Jason Prior, owner of Down Under Honey in Manawatū, said the decision sets a precedent that will mean other countries, including Chile, Australia and Brazil, will start to market their product as mānuka honey, leveraging off the quality of the NZ mānuka type.

“And we have been picking up quite a bit of business from people who prefer NZ mānuka honey to Australian. We have had five to six customers come to us in the past six months wanting to buy NZ mānuka and swap out Australian,” Prior said.

“There is an awareness there that our quality is better, and taste is preferable. Maybe we are going to have to push the NZ angle with mānuka more.”

He said the decision ran in the face of other provenance-type foods such as Champagne and Parma ham that have enjoyed robust protection.

“To say that just because other producers have used the description who are not from the region or country for some time is a defence for them to keep using it is hardly a reason,” he said.

“The use of the term Champagne in regions other than Champagne was successfully banned well after other countries had adopted it.”

Australian Mānuka Honey Association chair Paul Callander hailed the ruling as “right and fair”.
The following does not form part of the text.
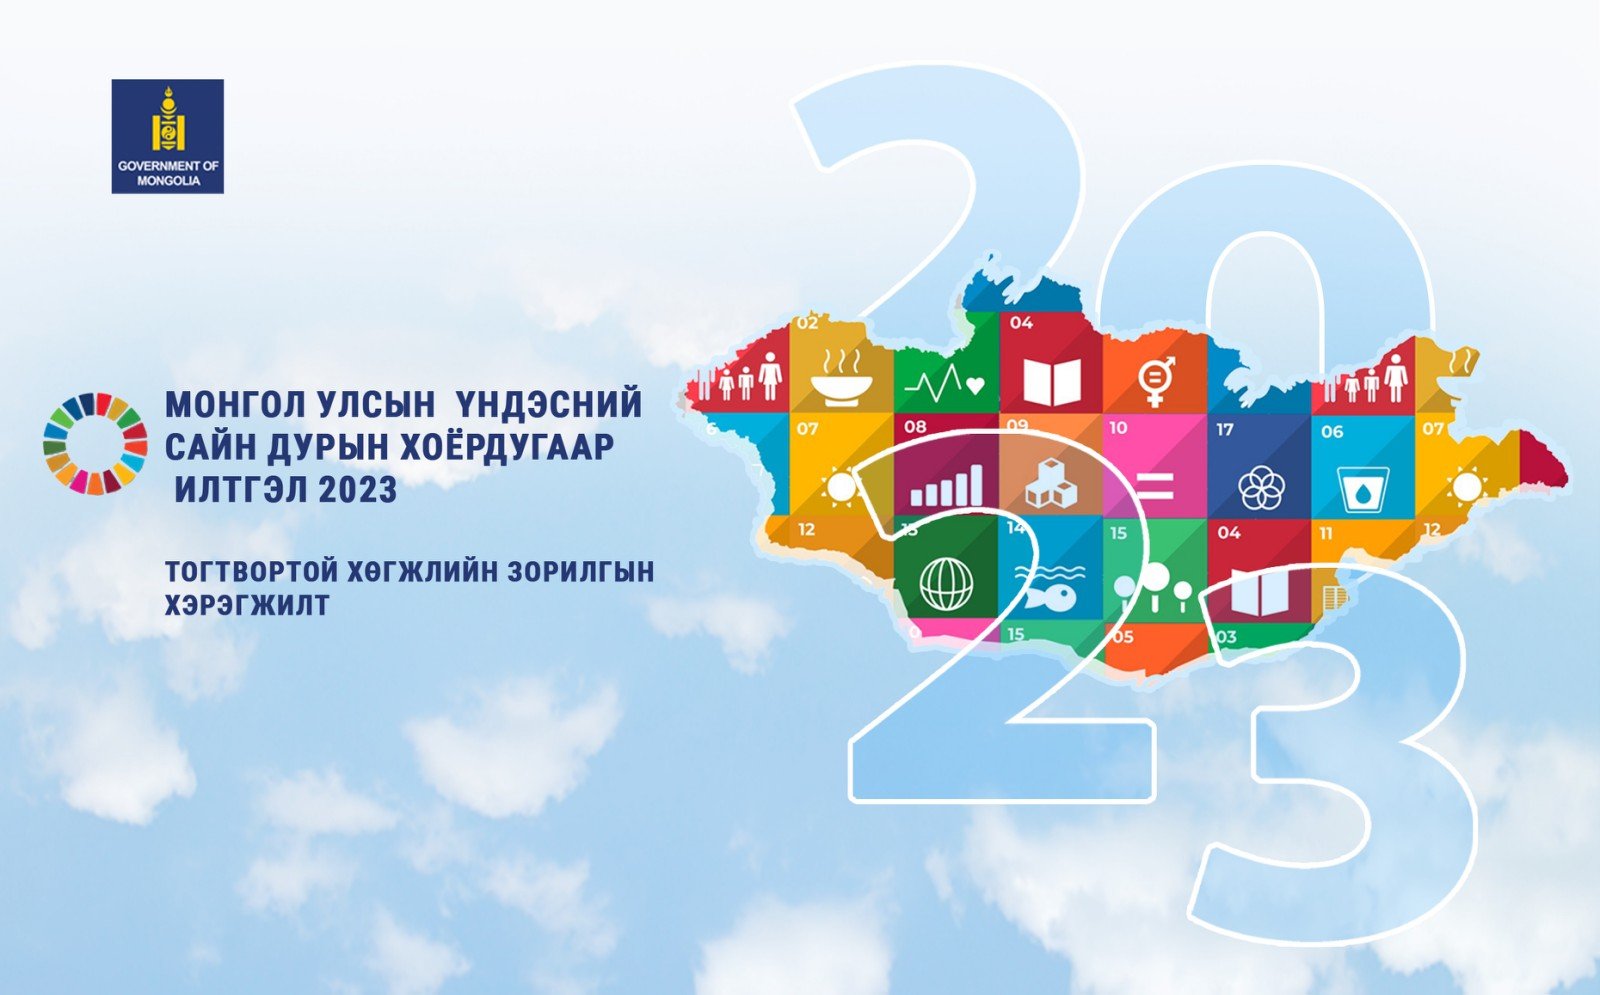 Монгол Улсын Үндэсний сайн дурын илтгэл 2023: Тогтвортой хөгжлийн зорилгын хэрэгжилт

“The Australian industry has fought hard to protect its rightful interests in this growing market and will continue to do so. This decision is an important one that we hope will be followed by other jurisdictions where trademark certification has been sought,” Callander said.

This ruling ignores the role of iwi as kaitiaki (guardians) and is insulting to Māori and our culture.

Pita Tipene Mānuka Charitable Trust

TASTY: Down Under Honey owner Jason Prior says he has had customers come to him seeking out NZ mānuka on grounds it tastes better than the Australian equivalent.